Goal of the exercise
Restate the listing below exactly, images excluded.

Exercise data
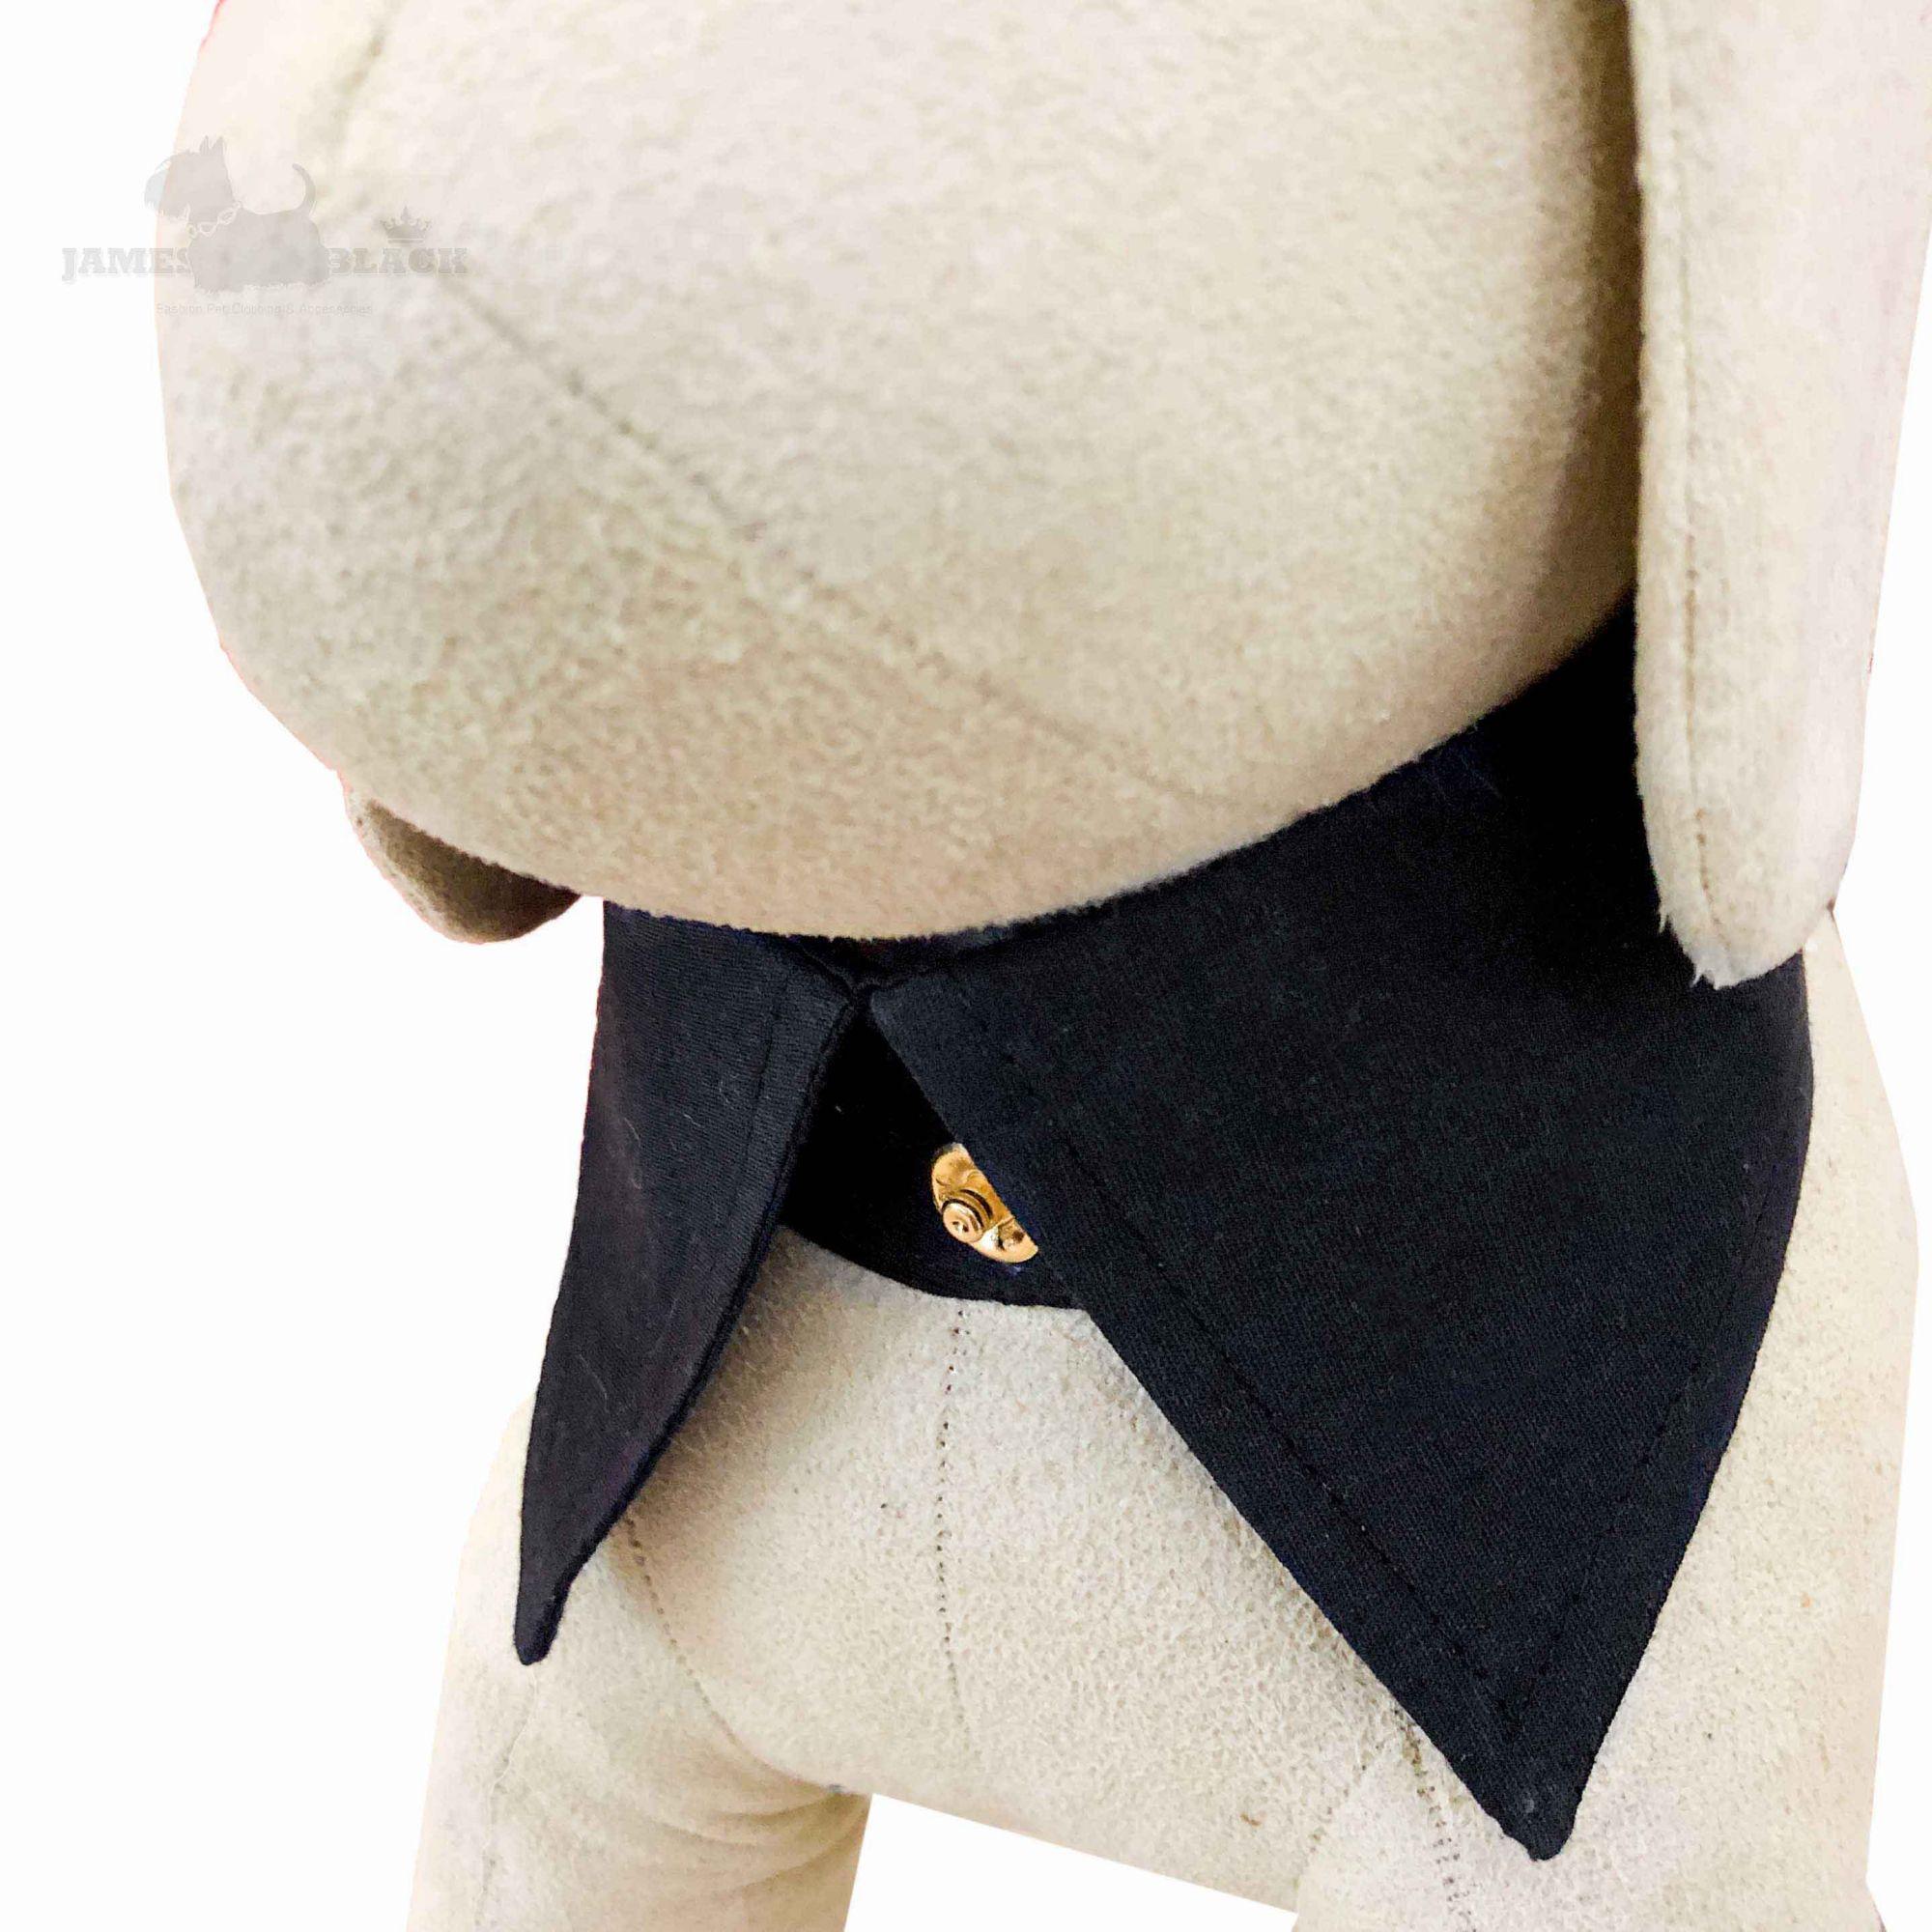 Colarinho com Gravata removível Preto
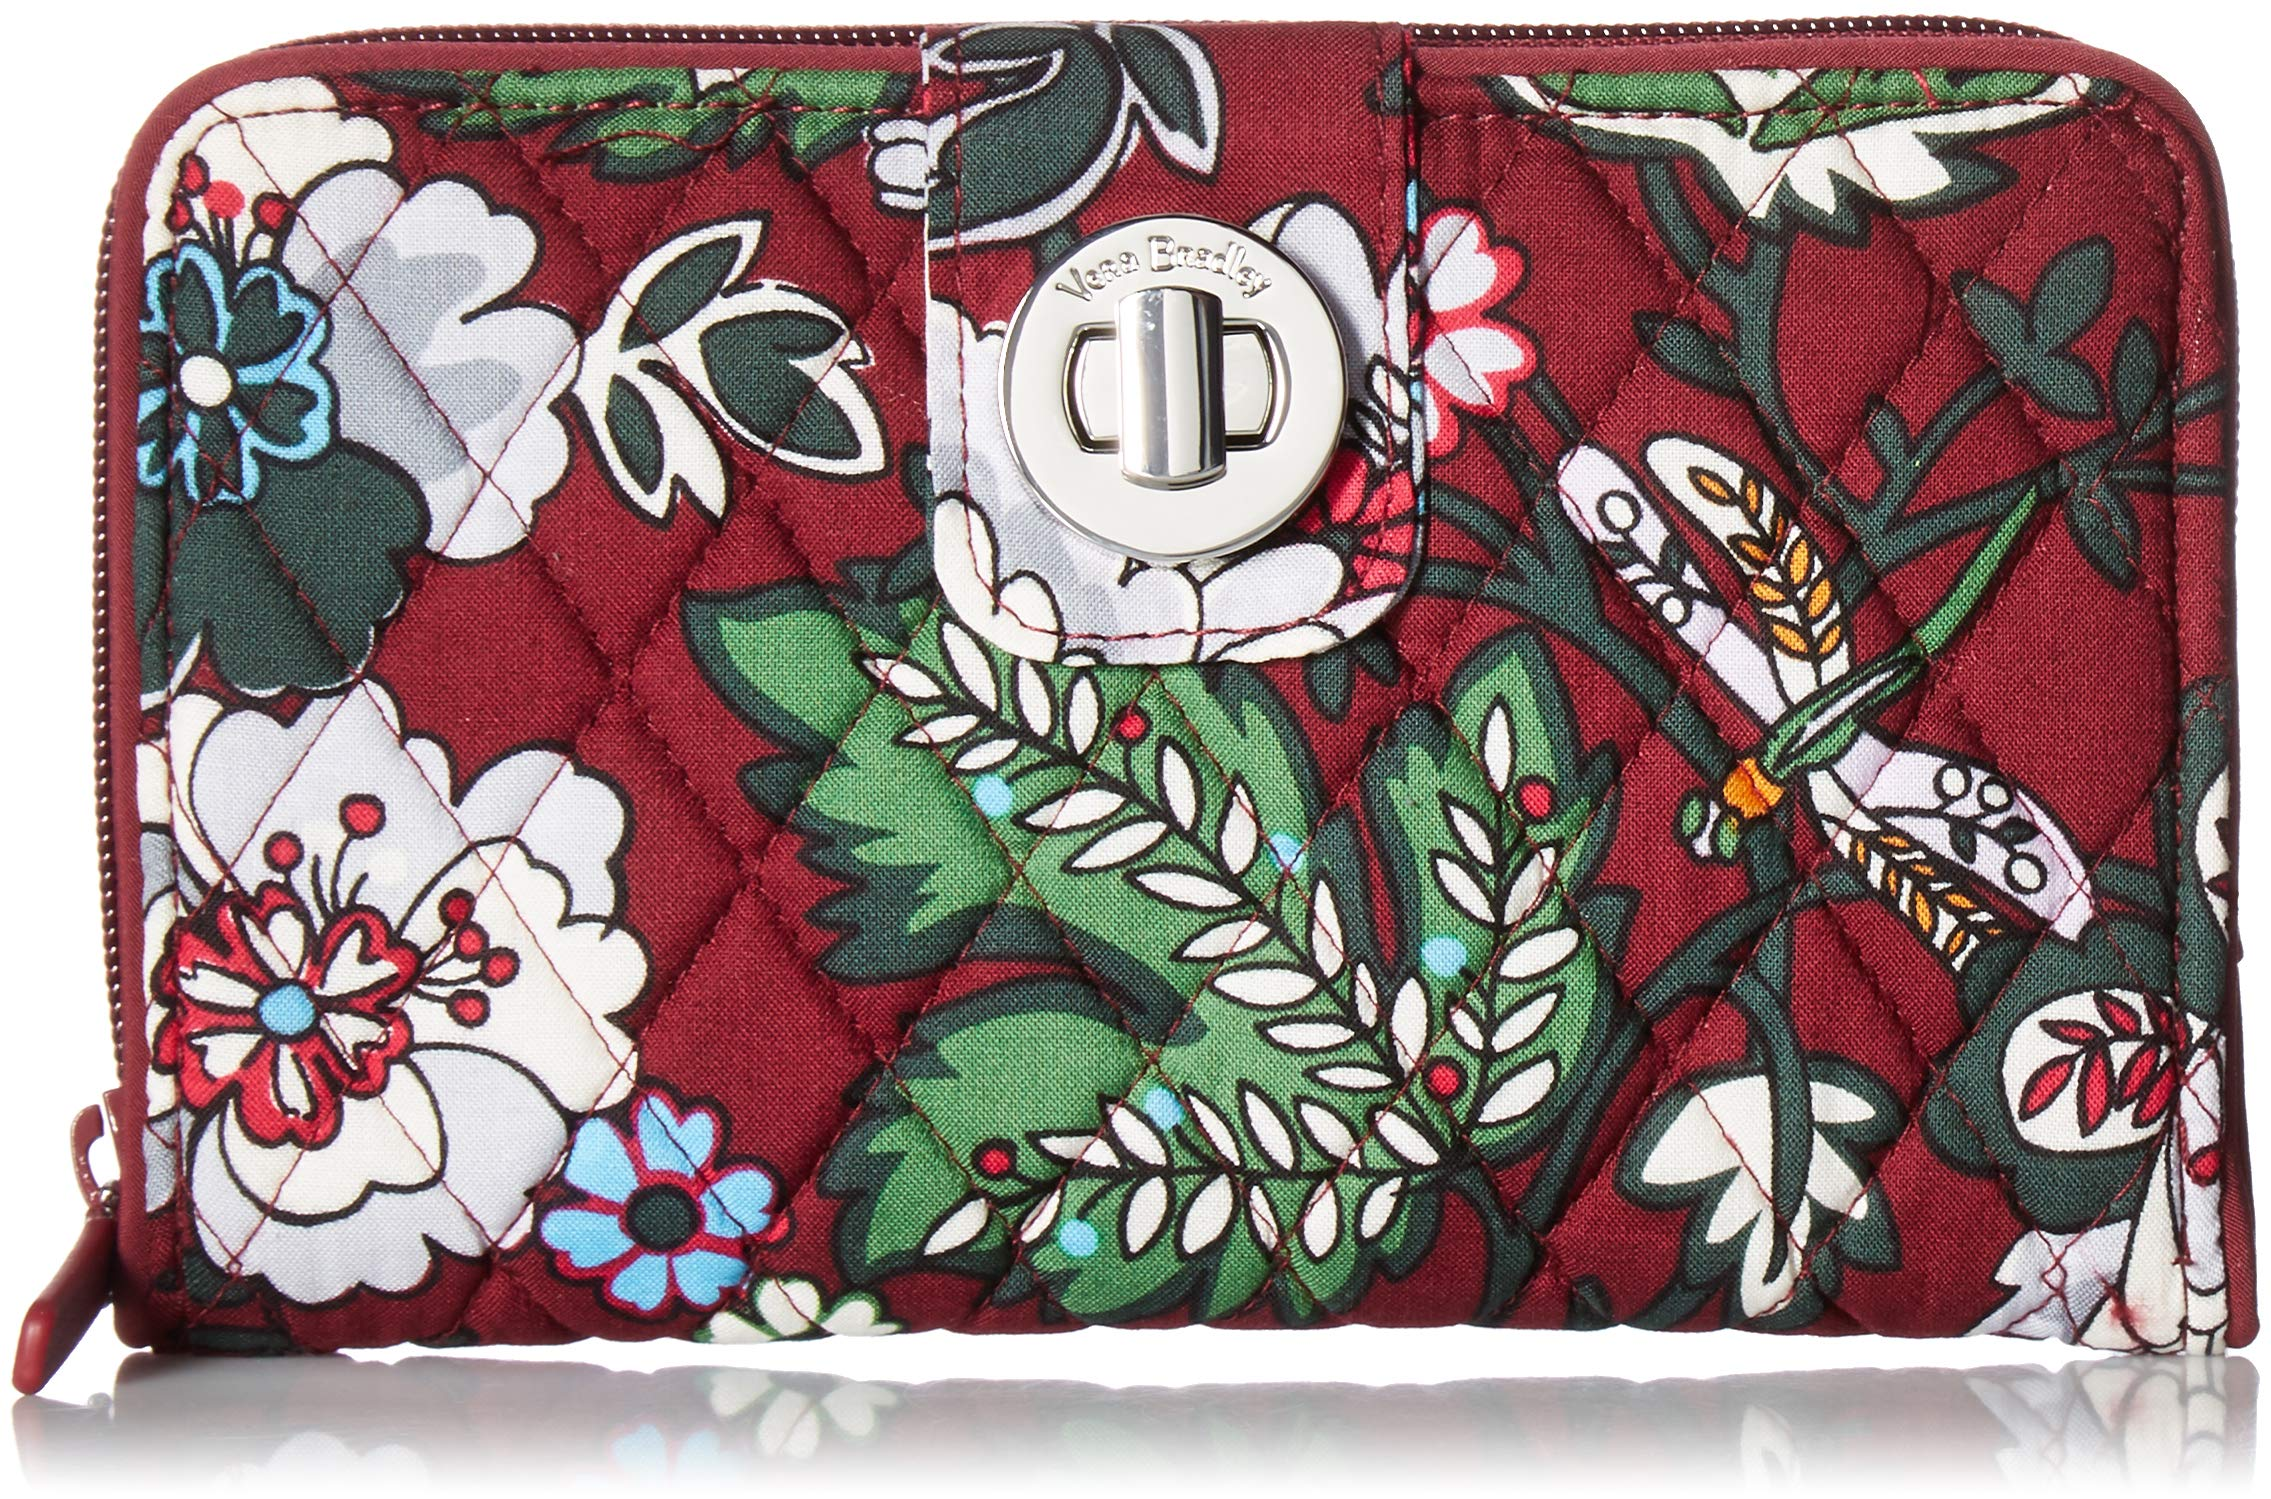 Vera Bradley RFID Turnlock Wallet,  Signature Cotton, One Size by Vera Bradley (Image #2)
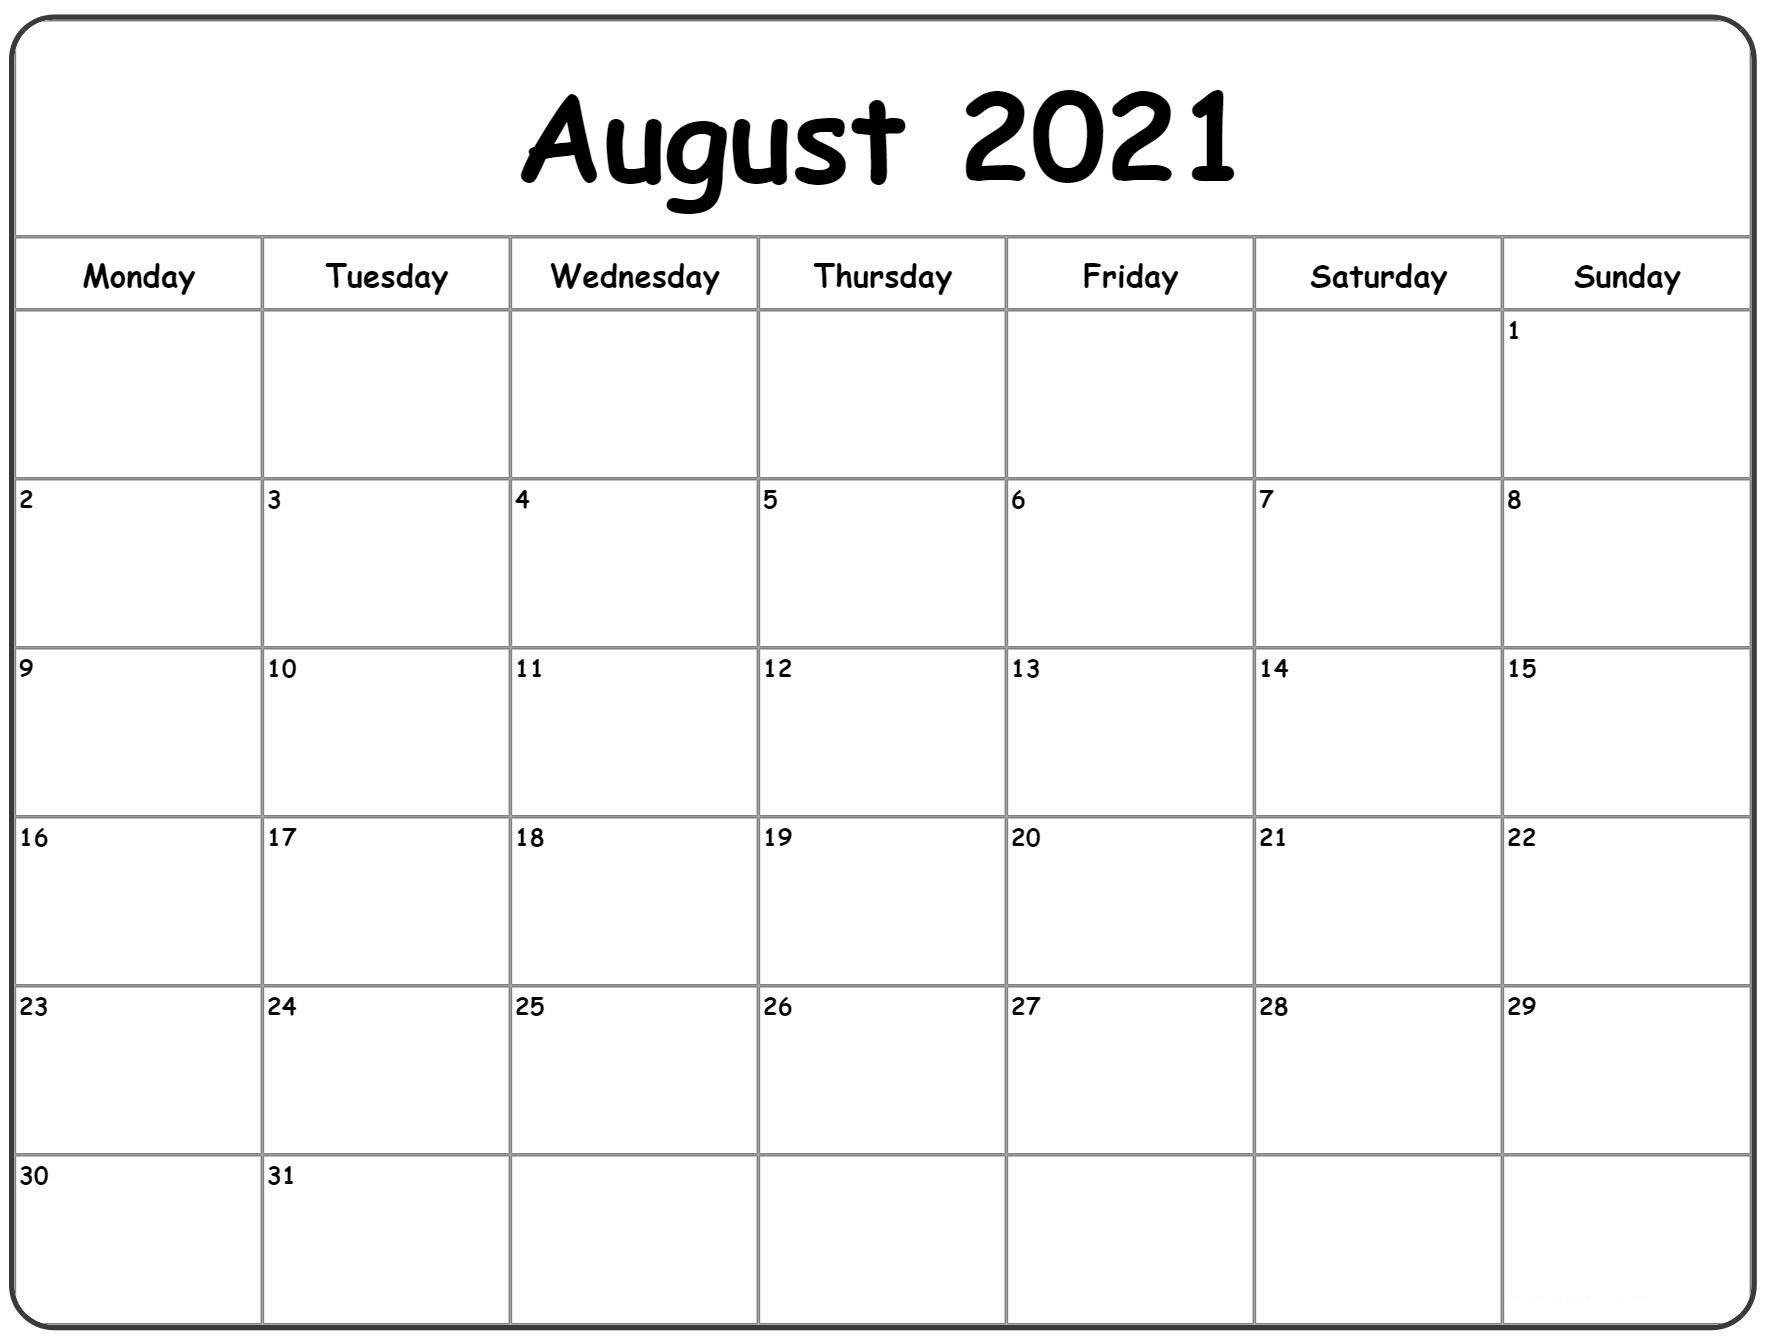 Blank Calendar August 2021 Pdf   Free Printable Calendar inside 2021 Julian Calendar Pdf Image

Output of the task
 Colarinho com Gravata removível Preto
 Vera Bradley RFID Turnlock Wallet,  Signature Cotton, One Size by Vera Bradley (Image #2)
 Blank Calendar August 2021 Pdf   Free Printable Calendar inside 2021 Julian Calendar Pdf Image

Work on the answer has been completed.